U.S. soldiers and their interpreters pose for a photo in Paktia province, Afghanistan, Aug. 20, 2012. (U.S. Army photo by Sgt. Kimberly Trumbull)
July 15, 2021

The Biden administration will begin this month evacuating thousands of Afghans who worked with the U.S. military as interpreters and translators.

The administration announced Wednesday that it was launching a program called “Operation Allies Refuge” to relocate eligible Afghan nationals and their families while their visa applications are vetted.

The first flights out of Afghanistan will begin the last week of July for applicants who are already in the pipeline, a senior administration official said. Details on when the flights will depart or where the Afghans will be relocated won’t be made public because of “operational security,” the official said.

The operation will be led by veteran Ambassador Tracey Jacobson and will include representatives from the Departments of Defense and Homeland Security.

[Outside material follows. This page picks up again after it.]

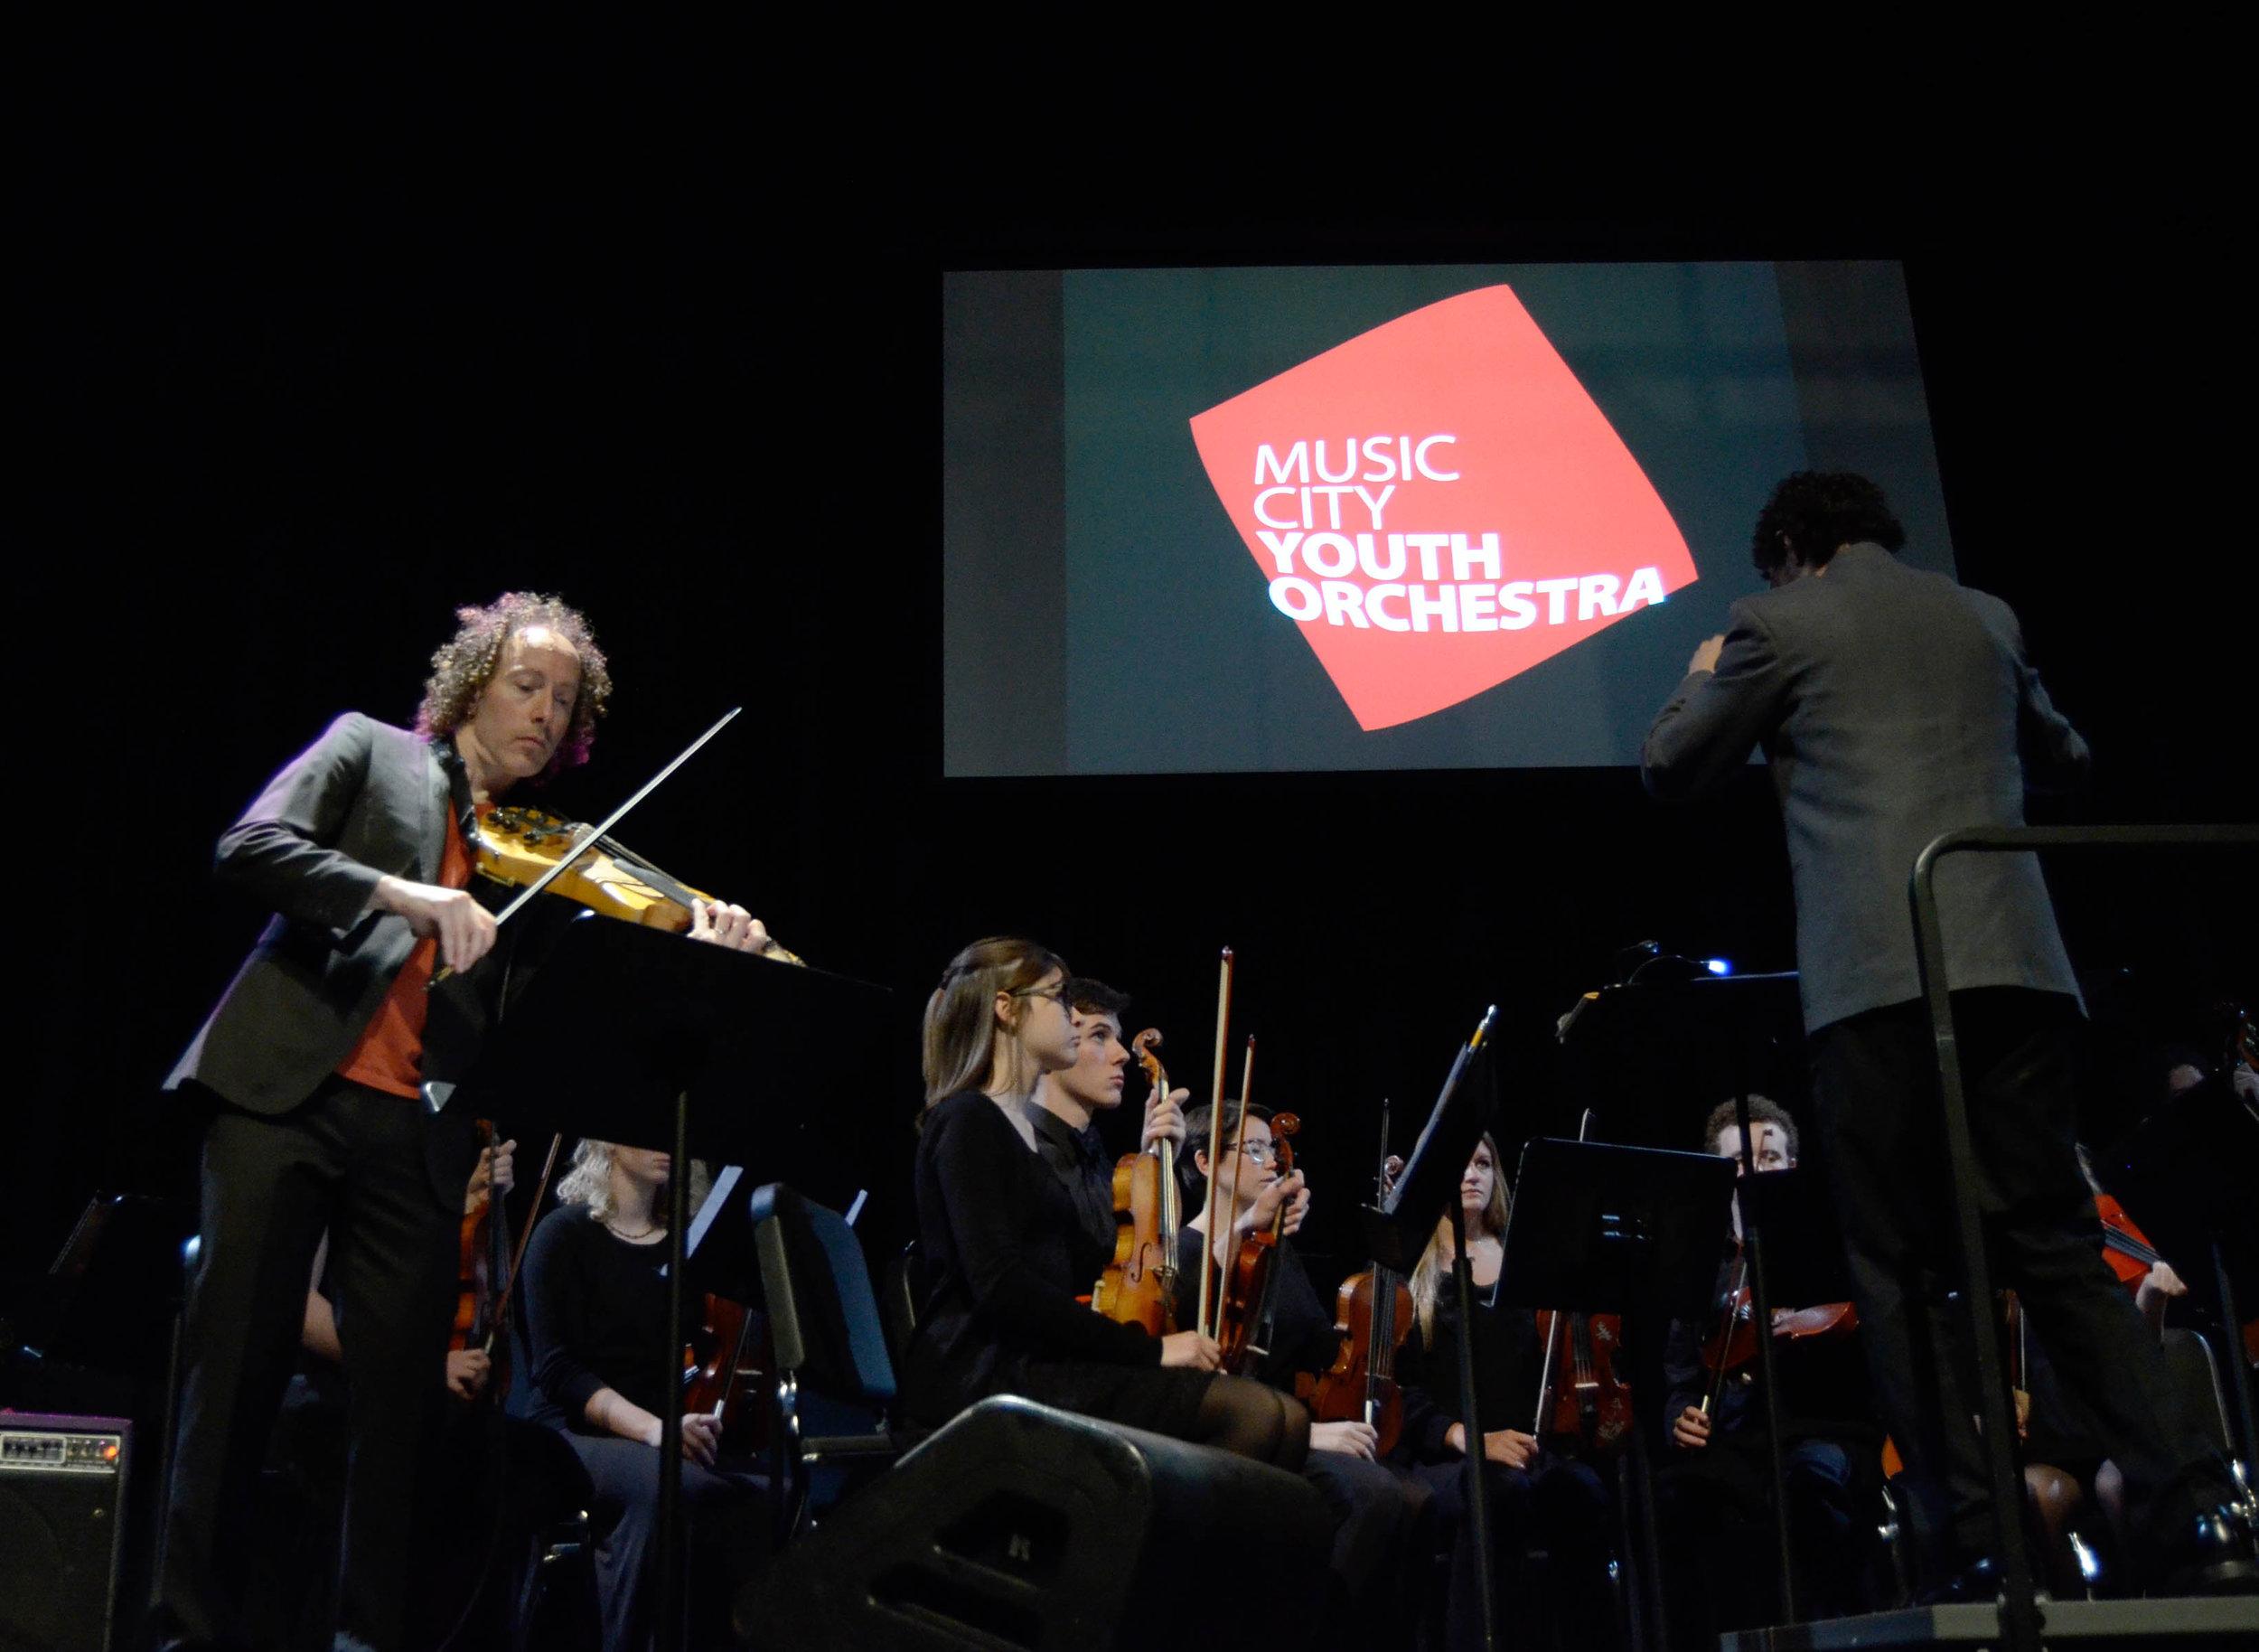 Music City Youth Orchestra 2013-14 8K.jpg

“Our objective is to get individuals who are eligible relocated out of the country in advance of the removal of the withdrawal of troops at the end of August,” White House press secretary Jen Psaki said.

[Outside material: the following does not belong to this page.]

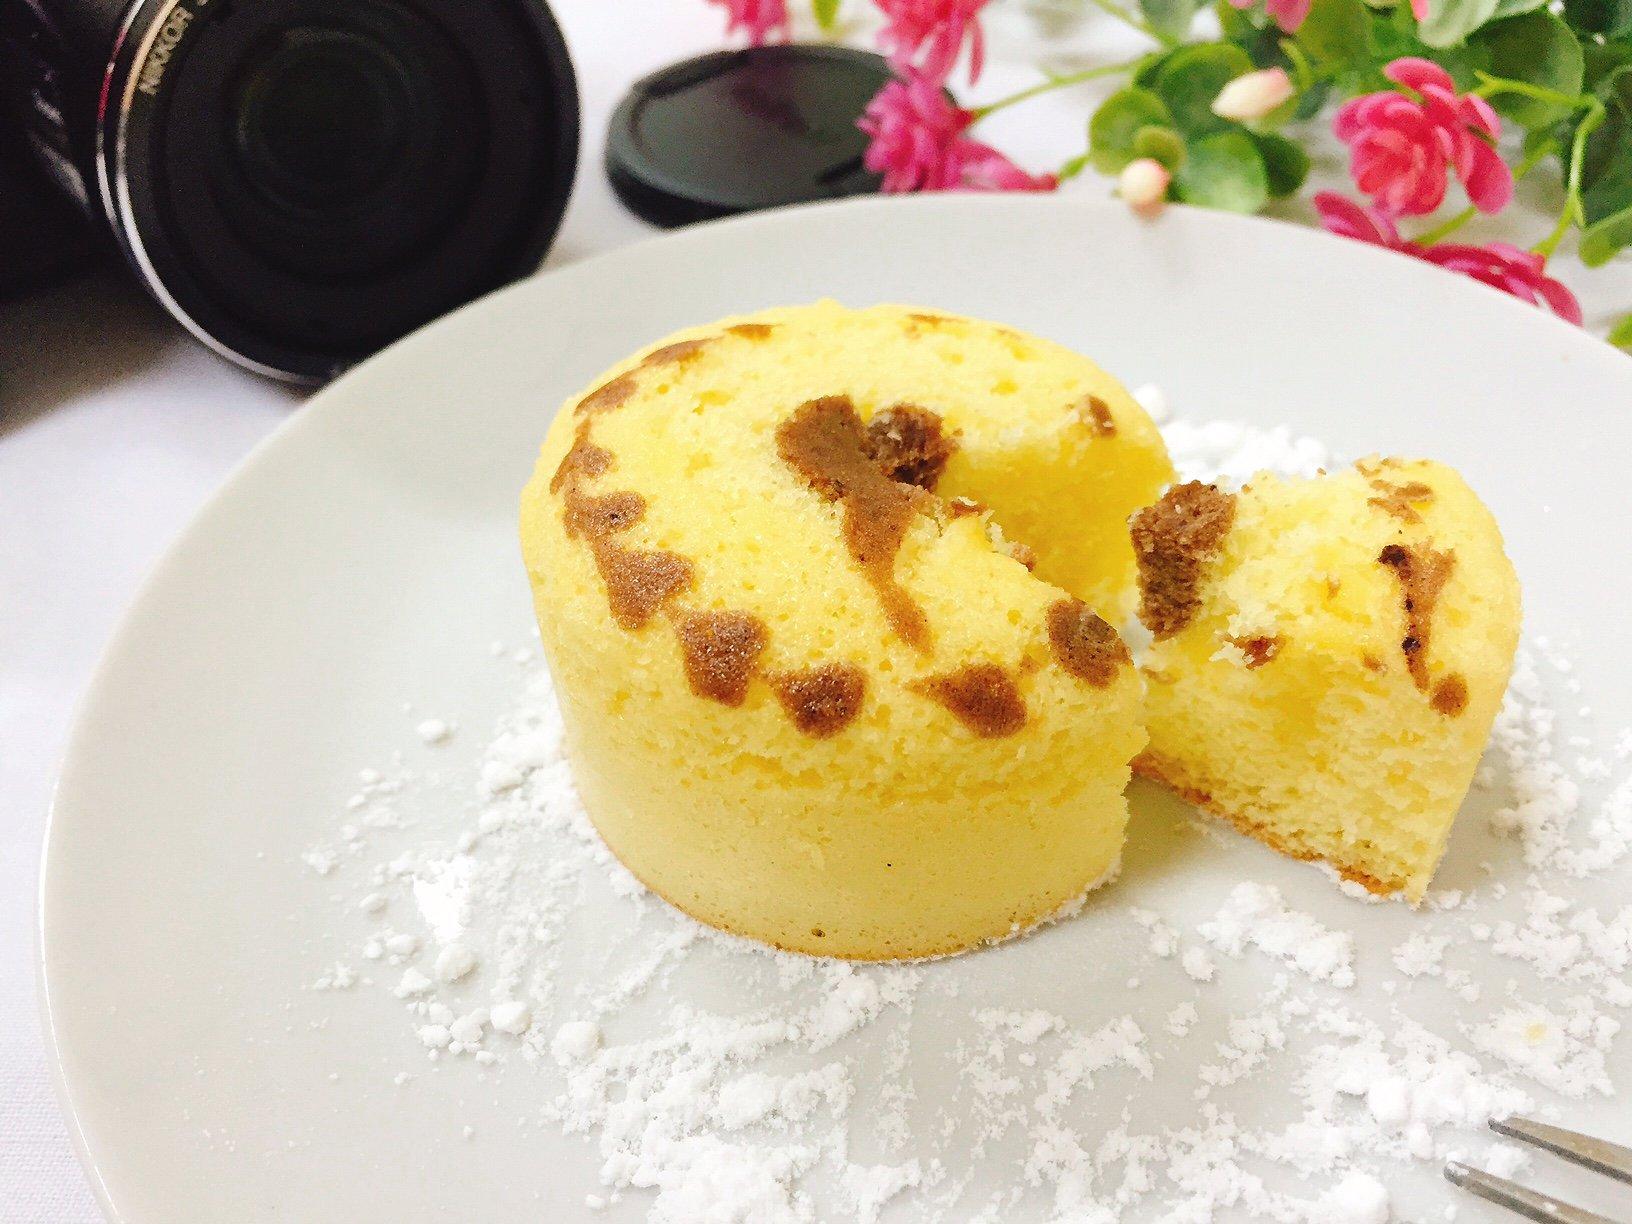 resep kue bolu sponge

The operation’s launch comes as the administration has faced pressure from lawmakers in both parties who fear Afghans who served alongside American troops will be killed by the Taliban as the United States completes its military withdrawal.

Because of such dangers, Congress created a special visa program in 2006 for Afghans and Iraqis who worked alongside American troops in those two conflicts.

The program is backlogged and limited. It takes an average of nearly three years for Afghans’ applications to be processed, in part because of the rigorous vetting involved, according to the State Department.

Secretary of State Antony Blinken said in June that about 18,000 Afghans had expressed interest in the special visa program. About 9,000 have filled out the necessary paperwork and the other 9,000 are at the beginning of the process, Blinken said.

State Department spokesman Ned Price said Wednesday that additional resources have been added to help expedite the processing of the visa applications. The U.S. Embassy in Kabul issued 299 of the visas in March, 356 in April and 619 in May, the most recent month for which data is available, he said.

Biden announced last week that the rapid withdrawal of U.S. troops from Afghanistan would conclude by Aug. 31, bringing America’s longest war to a swift end weeks before the Sept. 11 deadline he set this year.

The advocacy group Human Rights First called the relocation program “a welcome first step” but lamented that key details, such as who will be evacuated and where they will be sent, are still unknown.

“To meet our promises to our Afghan allies, any evacuation must include all 18,000 Afghans who worked with U.S. forces and their families,” said Jennifer Quigley, the advocacy group’s senior director of government affairs. “To limit the evacuation by allies’ status in the visa application ‘pipeline’ would do a terrible wrong to them and to America’s reputation around the world.”

Rep. Mike Waltz, R-Fla., also called for the release of information on the number of people to be evacuated, how they are being prioritized, and how the U.S. will help them safely travel to evacuation sites.

The U.S. must place a priority on helping women and others who may be outside of the special visa requirements but who the Taliban will continue to target, Waltz said.